Attack of the Killer Microseconds

Existing system optimizations targeting nanosecond- (e.g. memory access) and millisecond-scale (e.g. reading disk) events are inadequate for events in the microsecond range.
Google strongly prefers synchronous programming model
Simple and consistent synchronous APIs and idioms across different languages
Shifting the burden of managing asynchronous events away from the programmer to the operating system or the thread library makes the code significantly simpler.

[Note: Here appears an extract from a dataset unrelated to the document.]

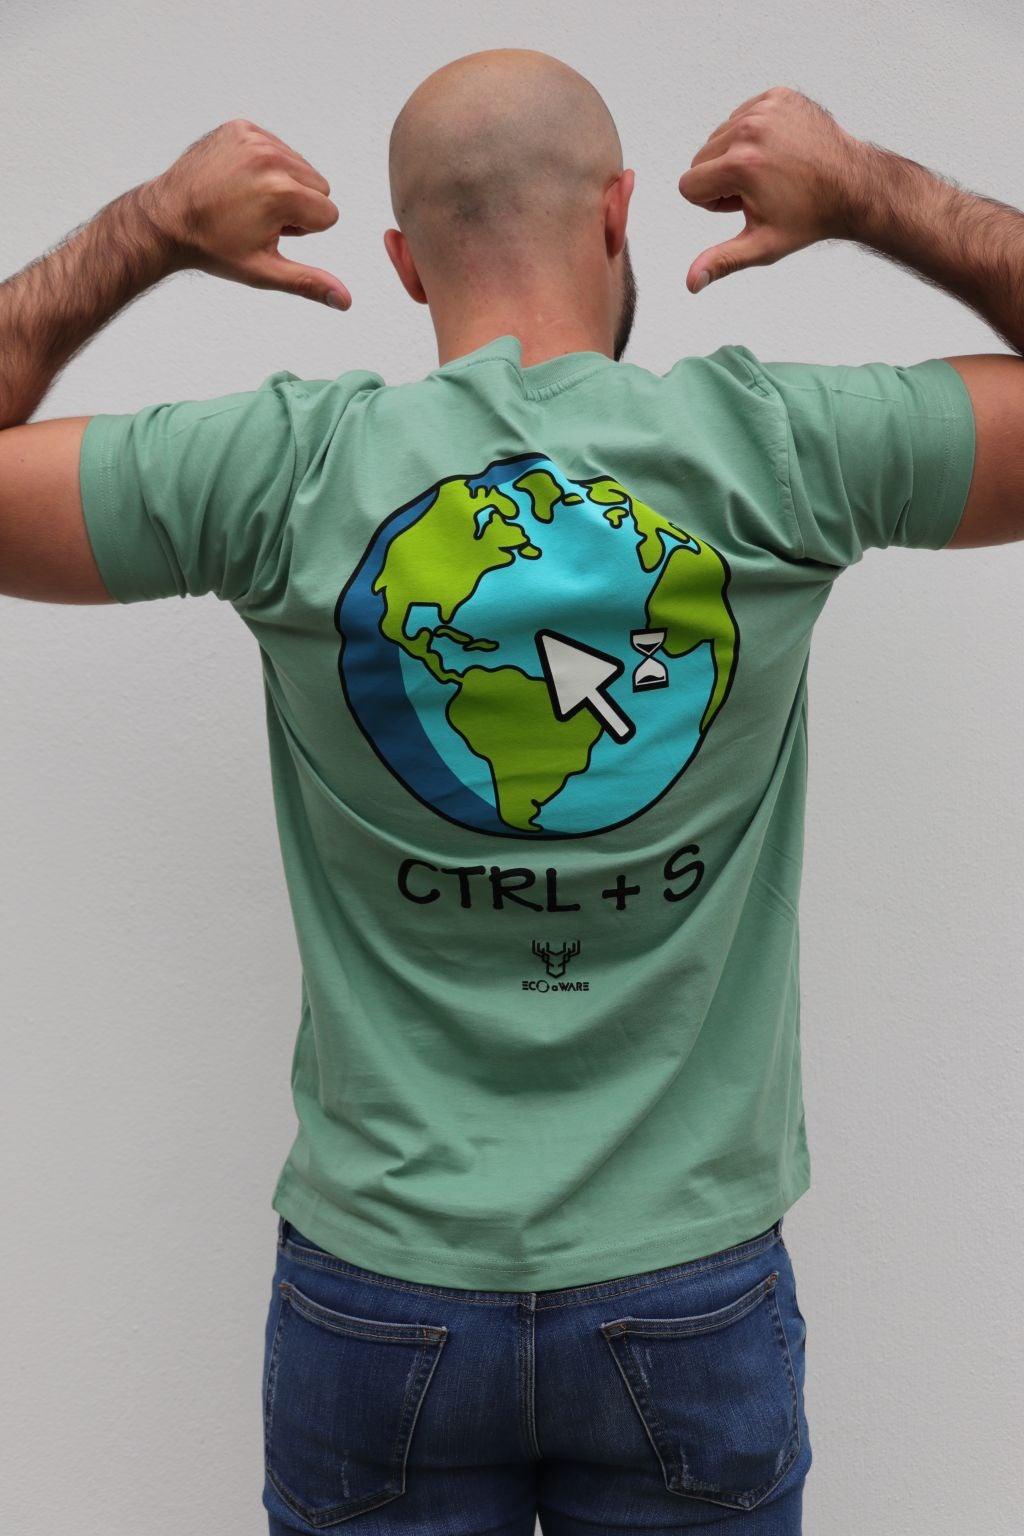 CTRL + Save The Planet t-shirt - ECO aWARE

Microsecond-scale: fast NIC, fast flash device, non-volatile memory, GPU/accelerator offload
Nice figures: Table 1 and Figure 1.
“A 2015 paper summarizing a multiyear longitudinal study at Google10 showed that 20%–25% of fleetwide processor cycles are spent on lowlevel overheads we call the “datacenter tax.” Examples include serialization and deserialization of data, memory allocation and de-allocation, network stack costs, compression, and encryption.” Also see Atul Adya’s HotOS’19 paper.
One very special aspect of articles from Google is that they put the engineer productivity and code maintainability in a very important position.

This article says about lots of CPU cycles are wasting on (de-)serialization and network stack. This reminds me of Atul Adya’s HotOS’19 paper, which basically advocates people to build stateful applications instead of stateless, so that we can avoid a lot of unnecessary (de-)serialization and network communication.